トランクベース開発では、mainブランチは基本いつでもデプロイできる状態を作る必要があります。これを実現するために、下記のようなことを行いました

  • featureフラグをうまく使う
  • 自動テストを使って、品質を担保する

featureフラグとは、新しい機能を隠してリリースを行いたいときなどに、その機能を隠す(制御できる)フラグのことです。featureフラグはかなり昔からある考え方になりますが、トランクベース開発ではデプロイ可能状態というものを維持することが重要になるので、featureフラグを使いユーザーにはまだ見せないがデプロイはしたいみたいなことを実現できる必要があります。

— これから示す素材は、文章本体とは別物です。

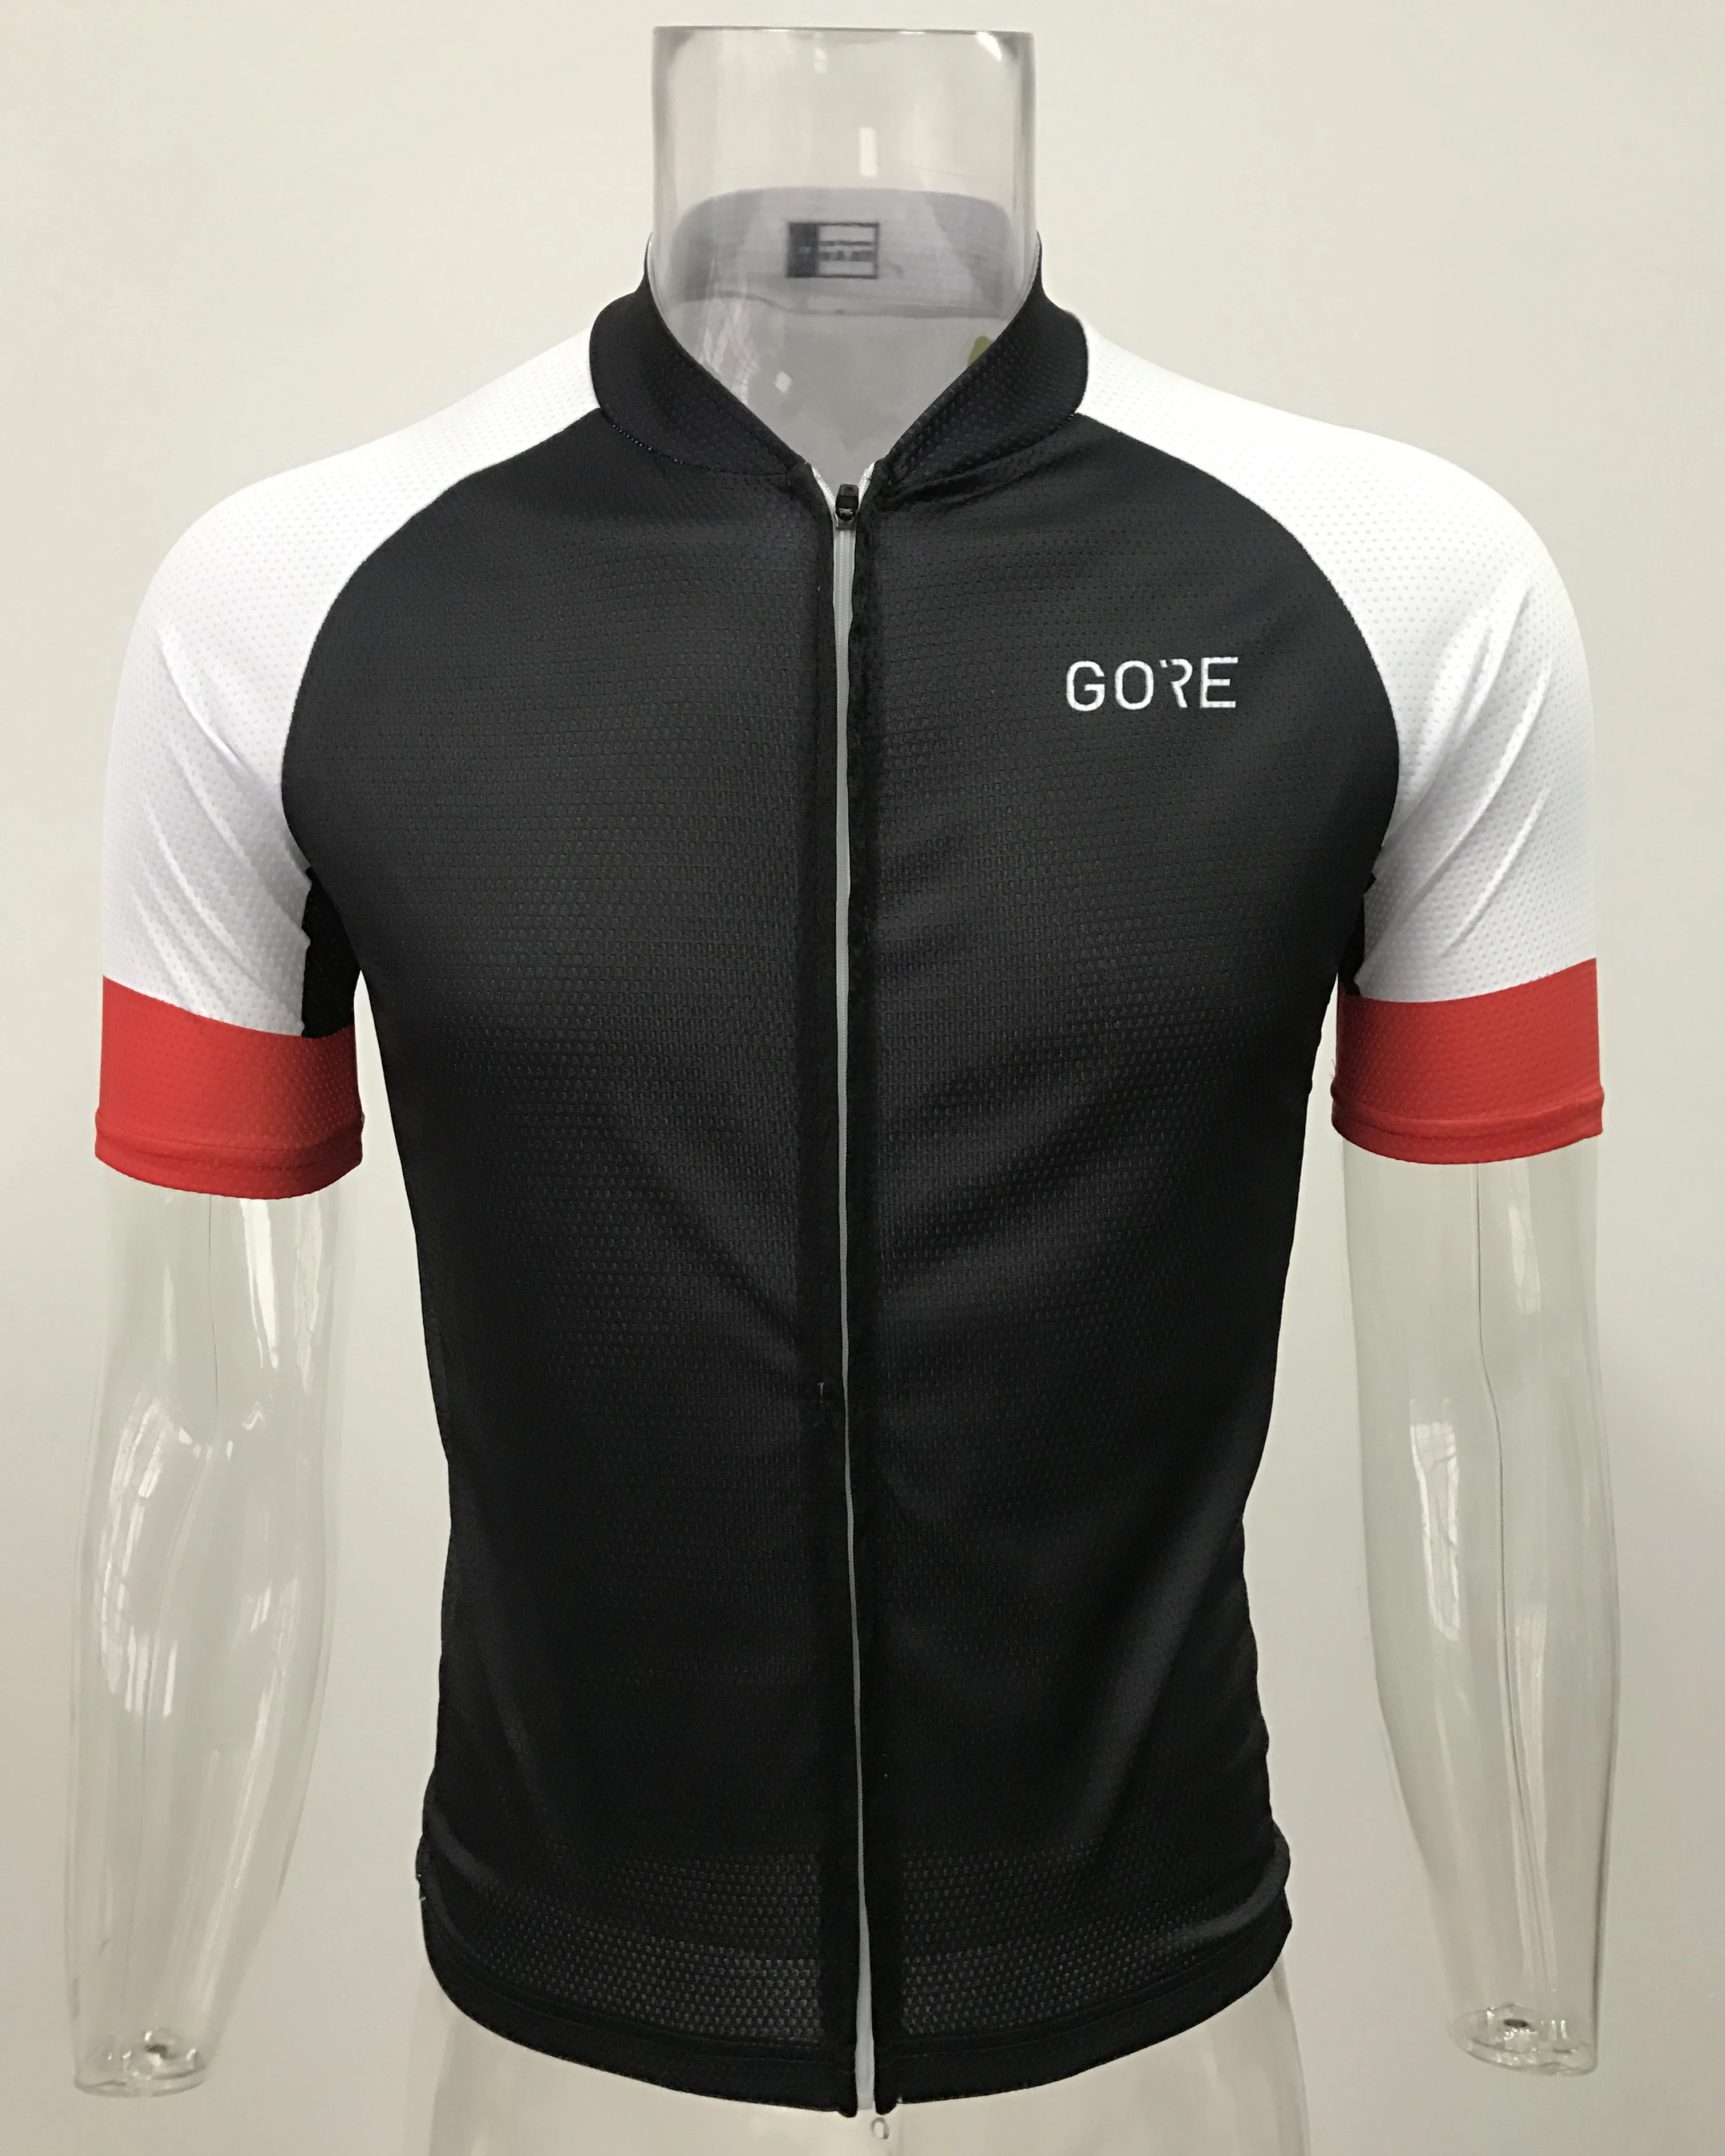 GORE Custom Аэро Велоспорт одежда для мужчин короткий рукав велосипедные костюмы дышащий Джерси дорожный велосипед Команда Bib шорты 9D набор велошорт

自動テストを使って、品質を担保するについては、基本的にはよくあるCI時の自動テストになります。GoでもReactの場合でもunit test、hooksのtest、コンポーネントのインテグレーションテストなどCI環境で実行できるものはすべて実行し、基本的に品質担保を目指します。また、GaudiyではAutifyという自動E2EテストのSaaSを利用しており、これを毎日実行することでmainブランチの品質担保をしています。

詳しくはGaudiyの西岡が下記ブログで説明しているので、興味ある方は読んでいただければと思います。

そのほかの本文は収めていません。